Copyright © 2007 The Institute of Electronics, Information and Communication Engineers
Regular Section -- Papers -- Natural Language Processing |
An EM-Based Approach for Mining Word Senses from Corpora
1 The authors are with Sirindhorn International Institute of Technology, Thammasat University, Thailand. E-mail: thatsanee{at}tcllab.org, 2 The authors are with The NICT Asia Research Center, Thailand.
| Abstract |
|---|
Manually collecting contexts of a target word and grouping them based on their meanings yields a set of word senses but the task is quite tedious. Towards automated lexicography, this paper proposes a word-sense discrimination method based on two modern techniques; EM algorithm and principal component analysis (PCA). The spherical Gaussian EM algorithm enhanced with PCA for robust initialization is proposed to cluster word senses of a target word automatically. Three variants of the algorithm, namely PCA, sGEM, and PCA-sGEM, are investigated using a gold standard dataset of two polysemous words.
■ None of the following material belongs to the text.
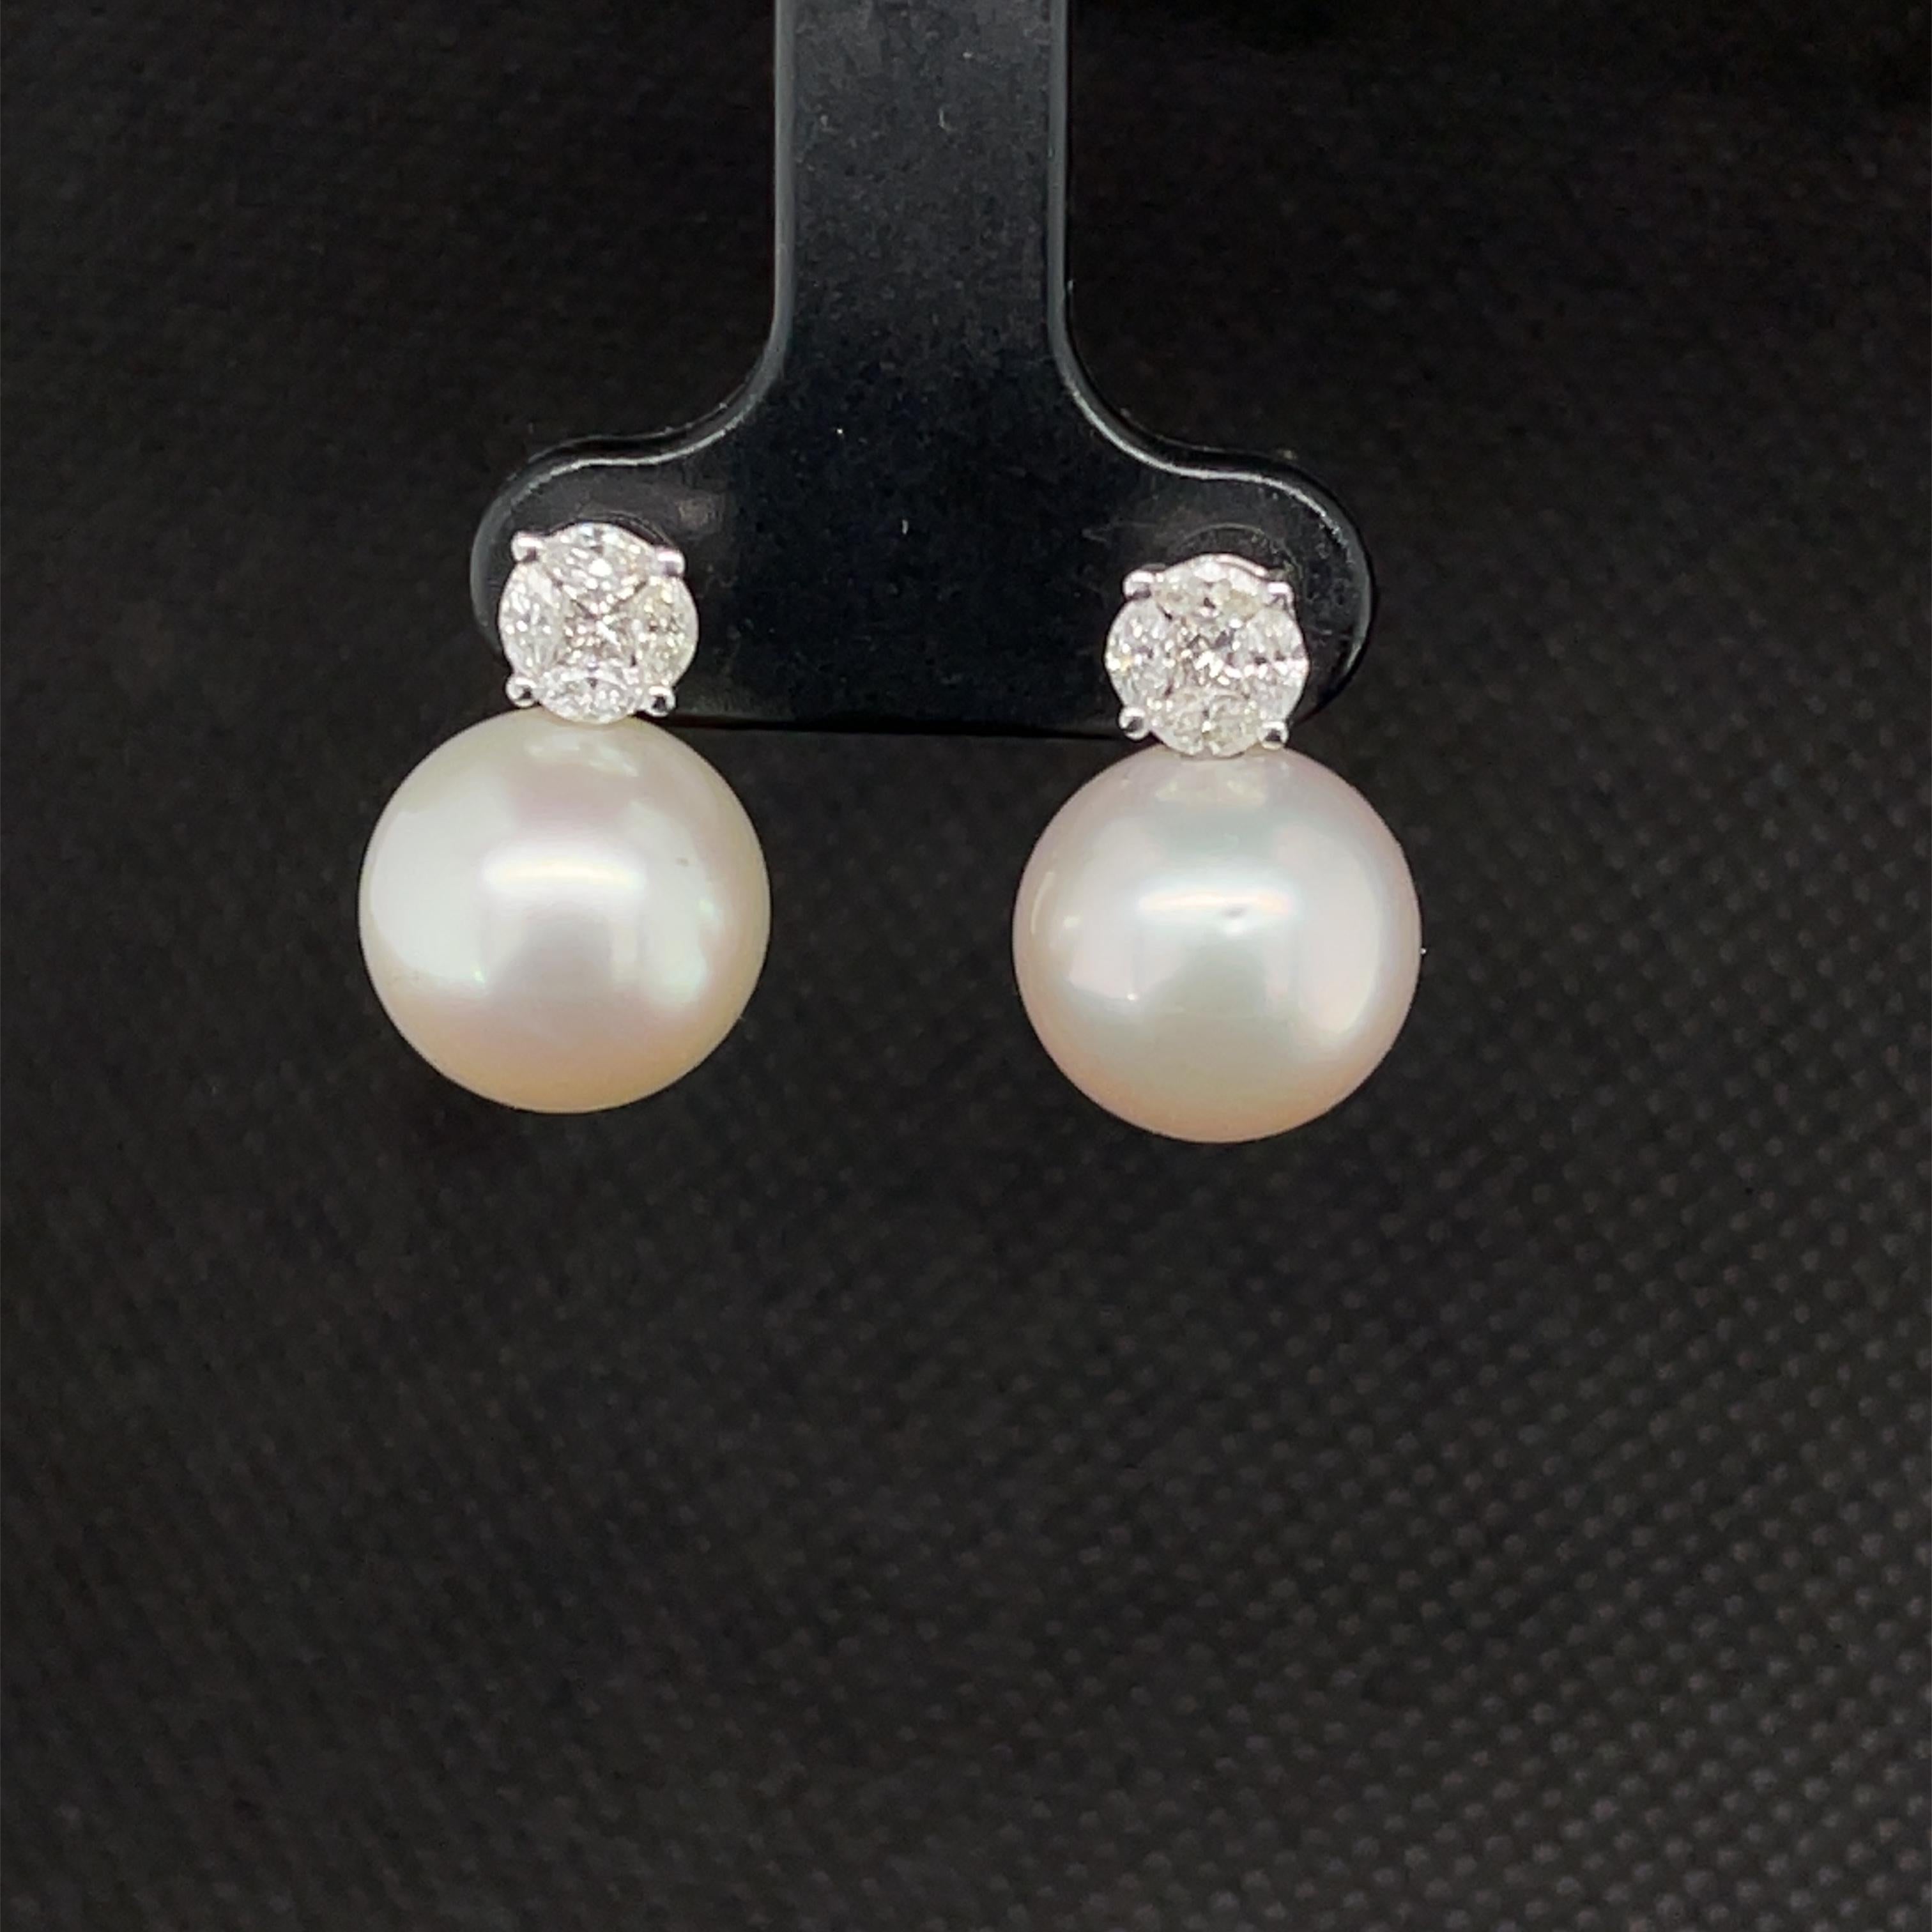 Set yourself apart with these gorgeous South Seas pearl and diamond drop earrings! These stunning earrings feature two large, 11mm, beautifully matched white South Seas pearls set in 18k white gold with princess and marquise-cut diamonds. Four

The clustering result is evaluated using the measures of purity and entropy as well as a more recent measure called normalized mutual information (NMI). The experimental result indicates that the proposed algorithms gain promising performance with regard to discriminate word senses and the PCA-sGEM outperforms the other two methods to some extent.
Key Words: corpus-based lexicography, word sense discrimination, clustering, EM algorithm, principal component analysis
Manuscript received May 11, 2006. Manuscript revised August 30, 2006.